This is in stark contrast to my recent experience trying to get my hands on a board game a few years ago. I chose Dragonfire, a game from 2017, and then I realized that it was almost impossible to find another expansion. So I've wanted to try Runebound since 2015 and could only get the French version and none of the expansions. There seems to be a lucrative business on eBay where people have been selling board games at ridiculously high prices for several years. The availability of board games from time to time is not great at all.
This explains to some extent FOMO (Fear of Missing) which is very common in crowdfunding board game discussions on Kickstarter and Gamefound. There is no regular "Kickstarter Exclusive" section of the game. Not all Kickstarter games are sold at retail either, and when they are, they're often only available for a limited time. You always get a settler or Catan, but not very successful games can easily disappear and remain undiscovered after 5 years.
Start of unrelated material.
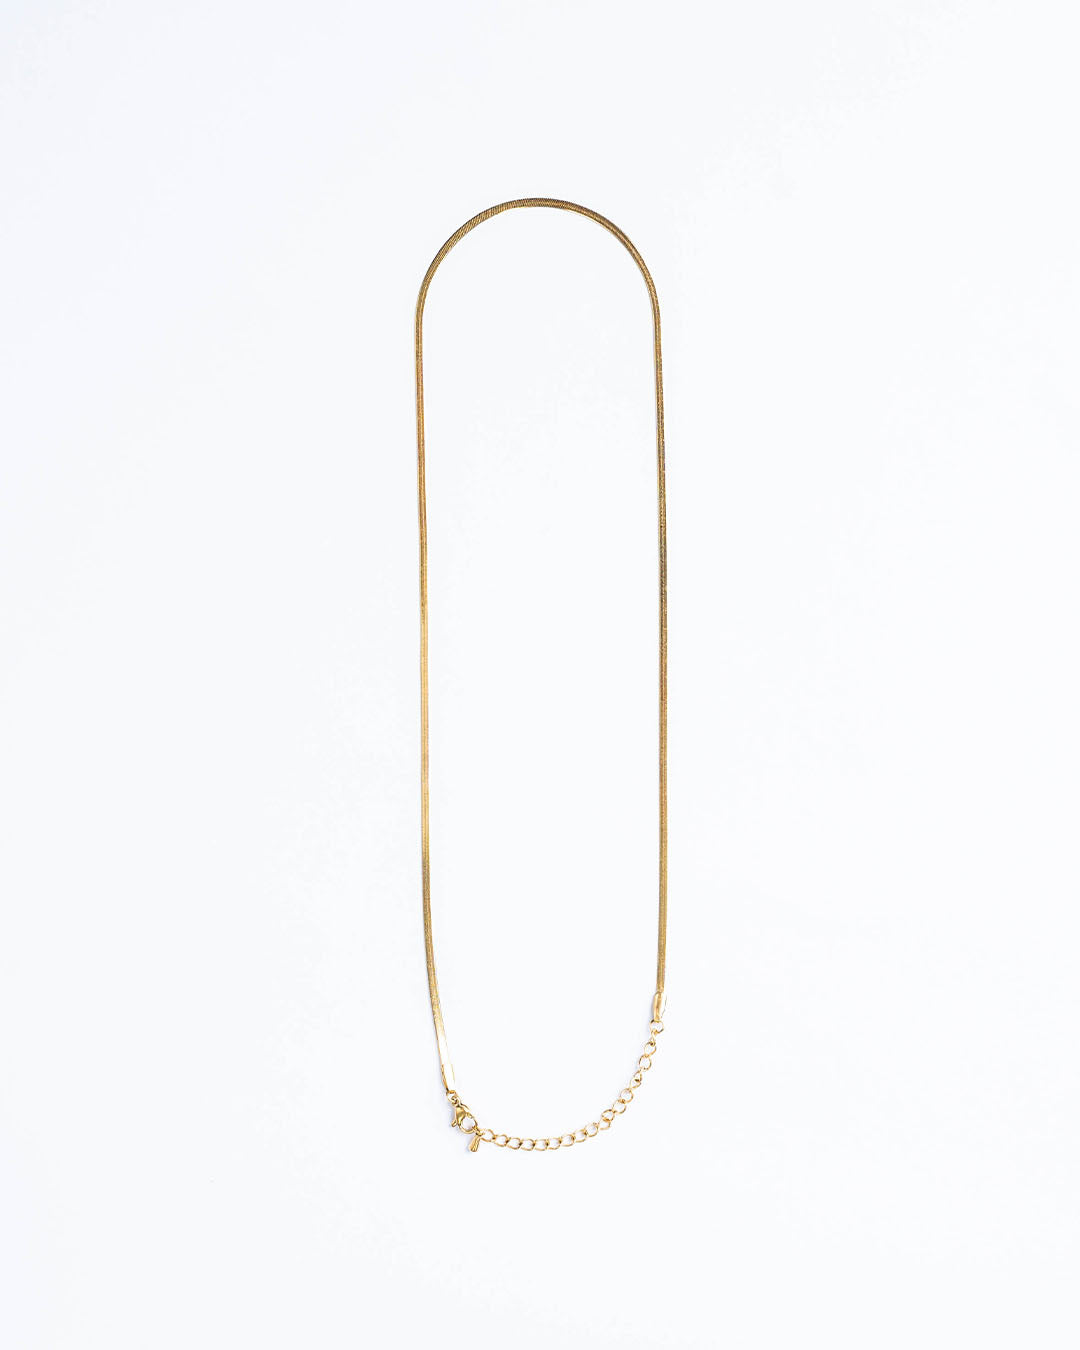 Herringbone Chain Necklace • Stainless Steel
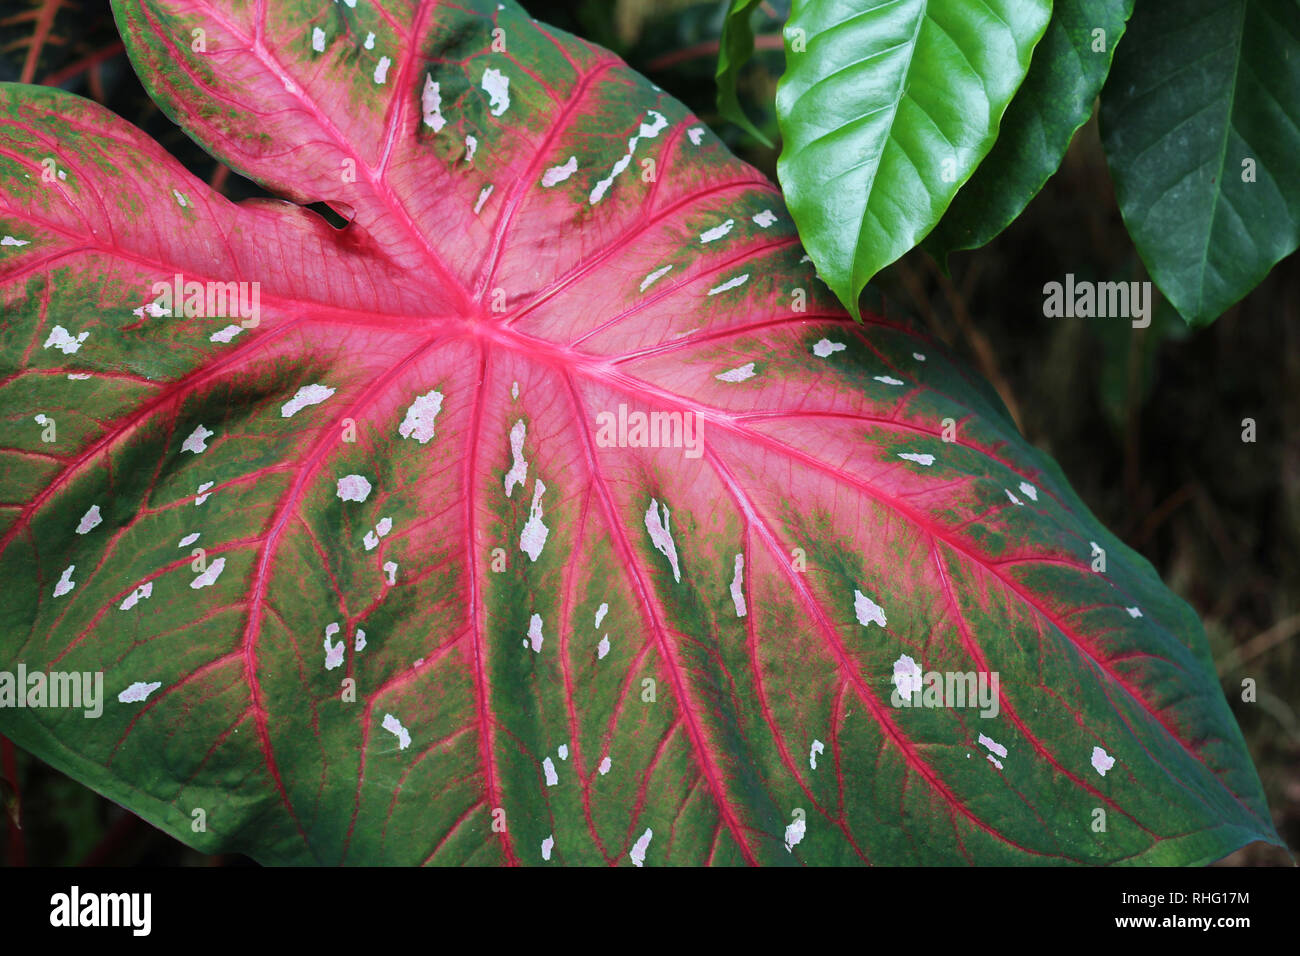 Close up of a Rosebud Caladium leaf Stock Photo

Before Amazon, books had the same problem. Space in the bookstore is limited so they have the latest bestsellers and cool classics but no random books from 5 years ago. Amazon then came up with the long-tail business model, which showed that given the near-unlimited shelf space in its massive warehouse, the aggregate demand for those old books was still good enough to make it work. Too bad Amazon never delved too much into board games, when I bought board games from Amazon it wasn't from a third party.